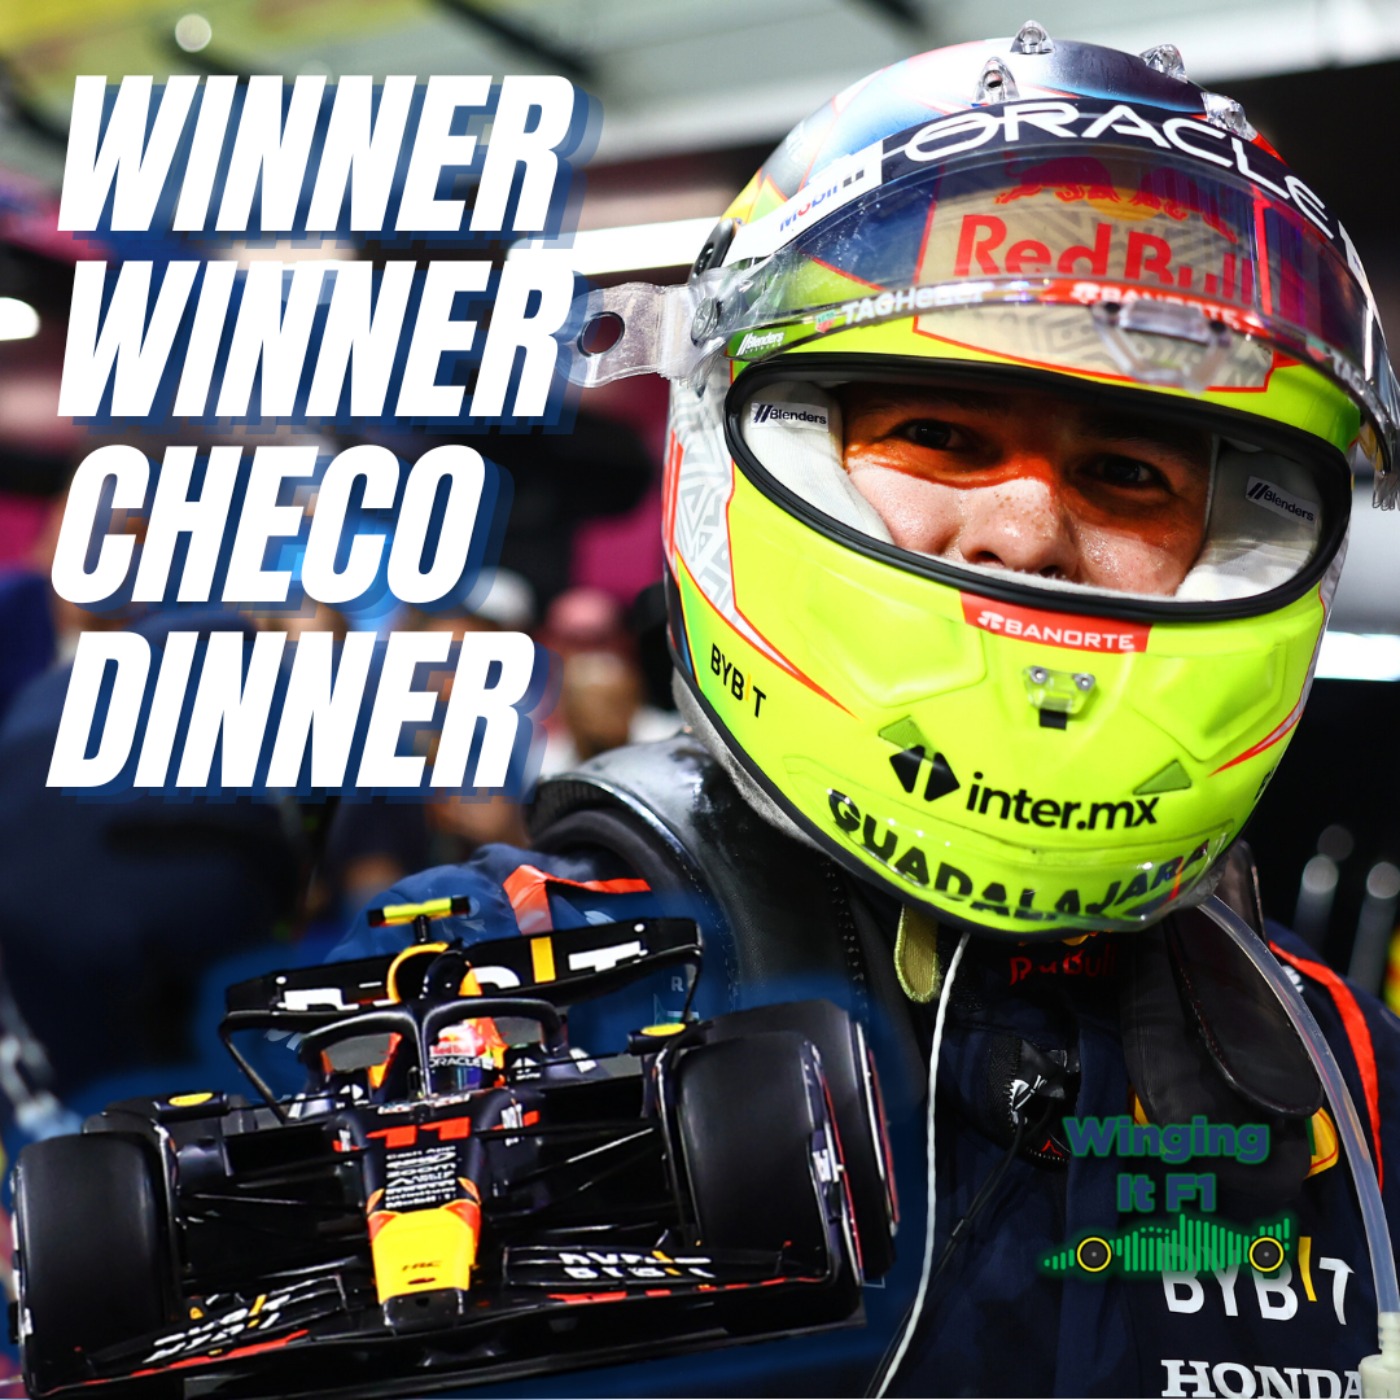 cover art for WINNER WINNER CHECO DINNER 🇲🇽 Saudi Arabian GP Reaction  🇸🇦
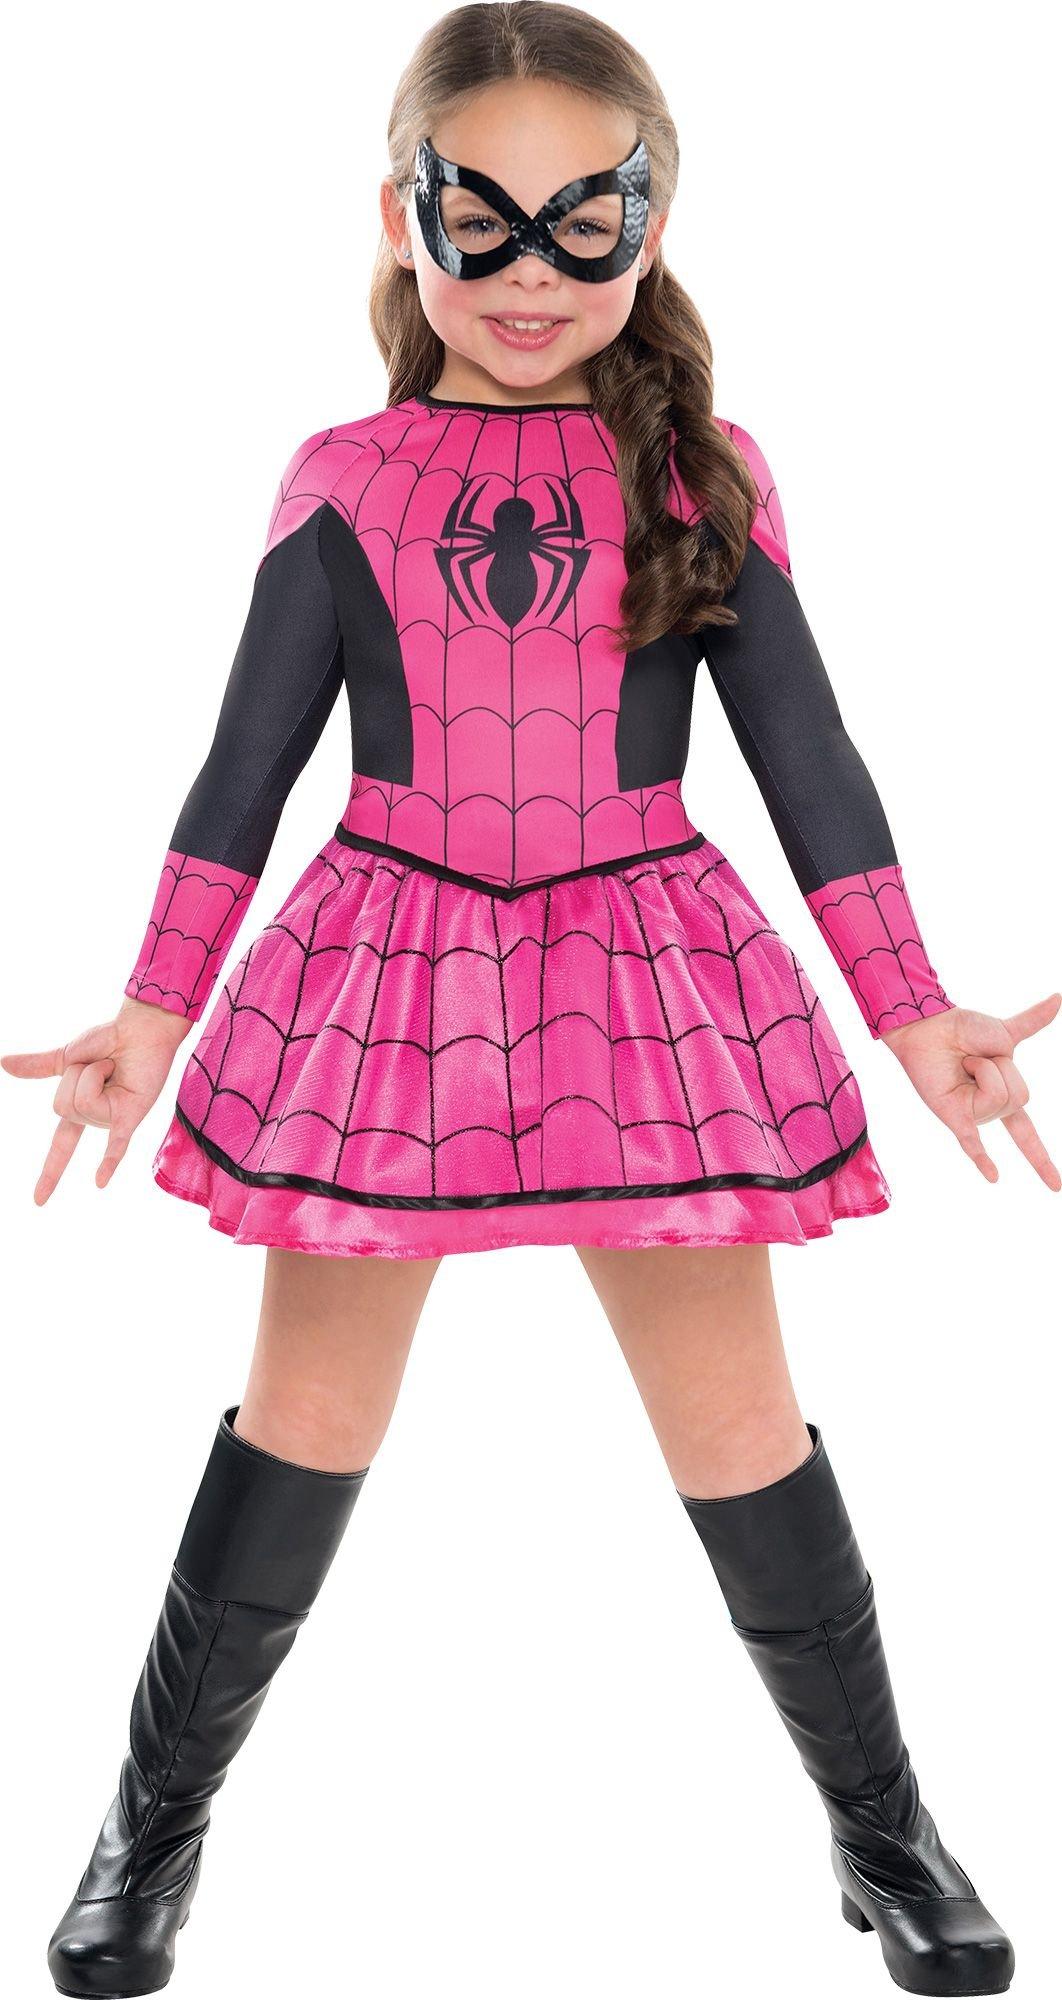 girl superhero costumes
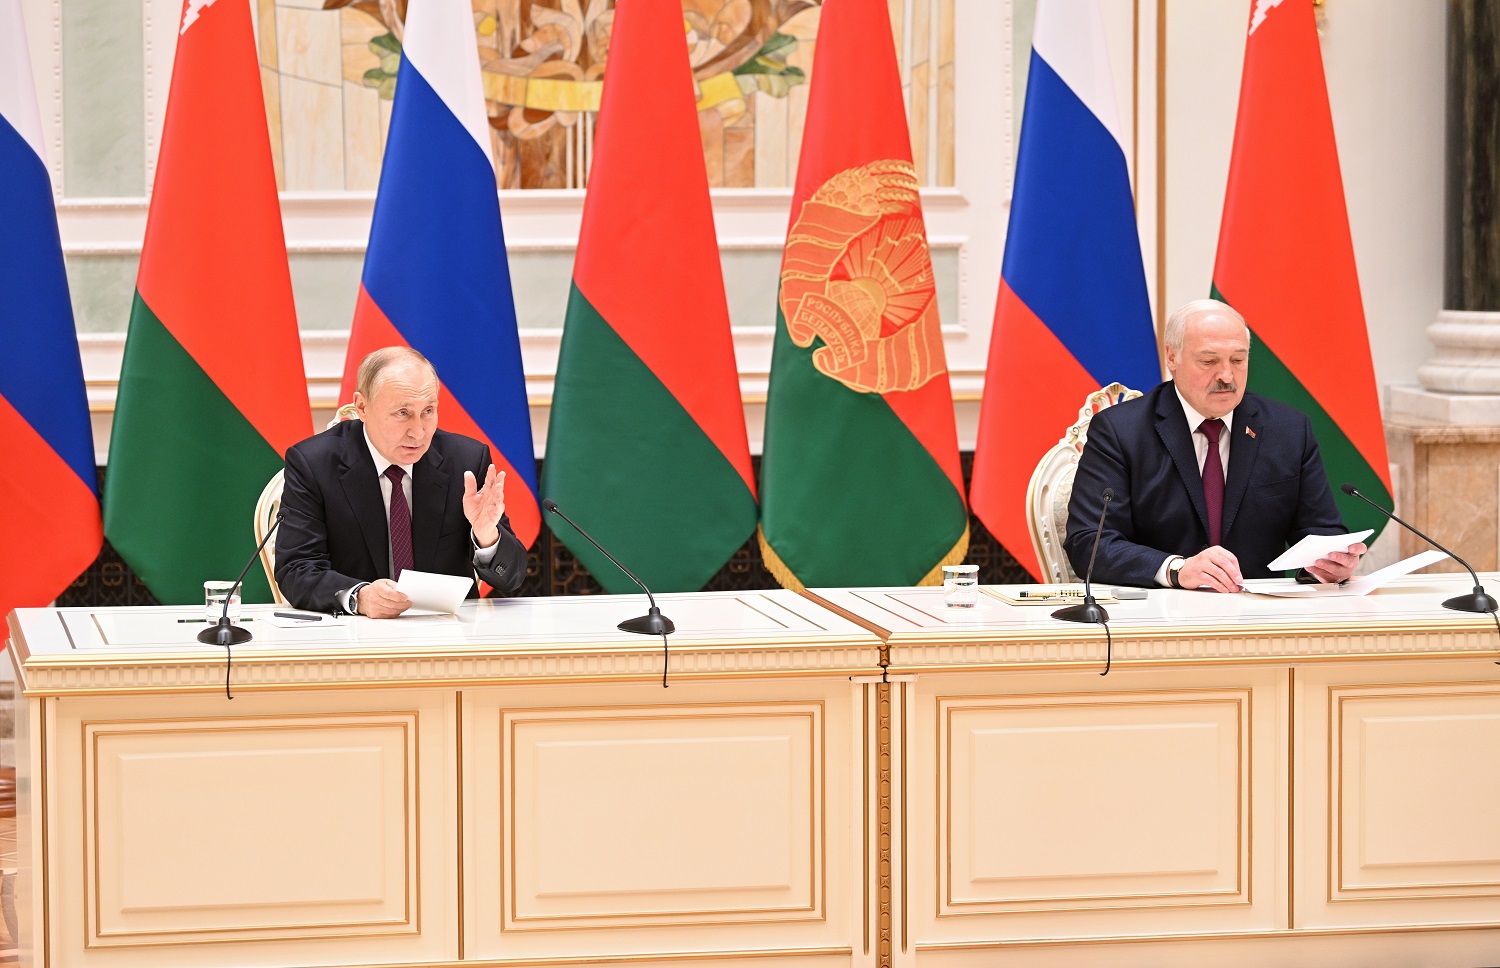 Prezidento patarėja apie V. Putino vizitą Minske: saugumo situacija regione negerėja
=-=-=-=-=
> Problem details
Give an exact copy of the material, leaving out every picture.

> Answer box
 cover art for WINNER WINNER CHECO DINNER 🇲🇽 Saudi Arabian GP Reaction  🇸🇦
 girl superhero costumes
 Prezidento patarėja apie V. Putino vizitą Minske: saugumo situacija regione negerėja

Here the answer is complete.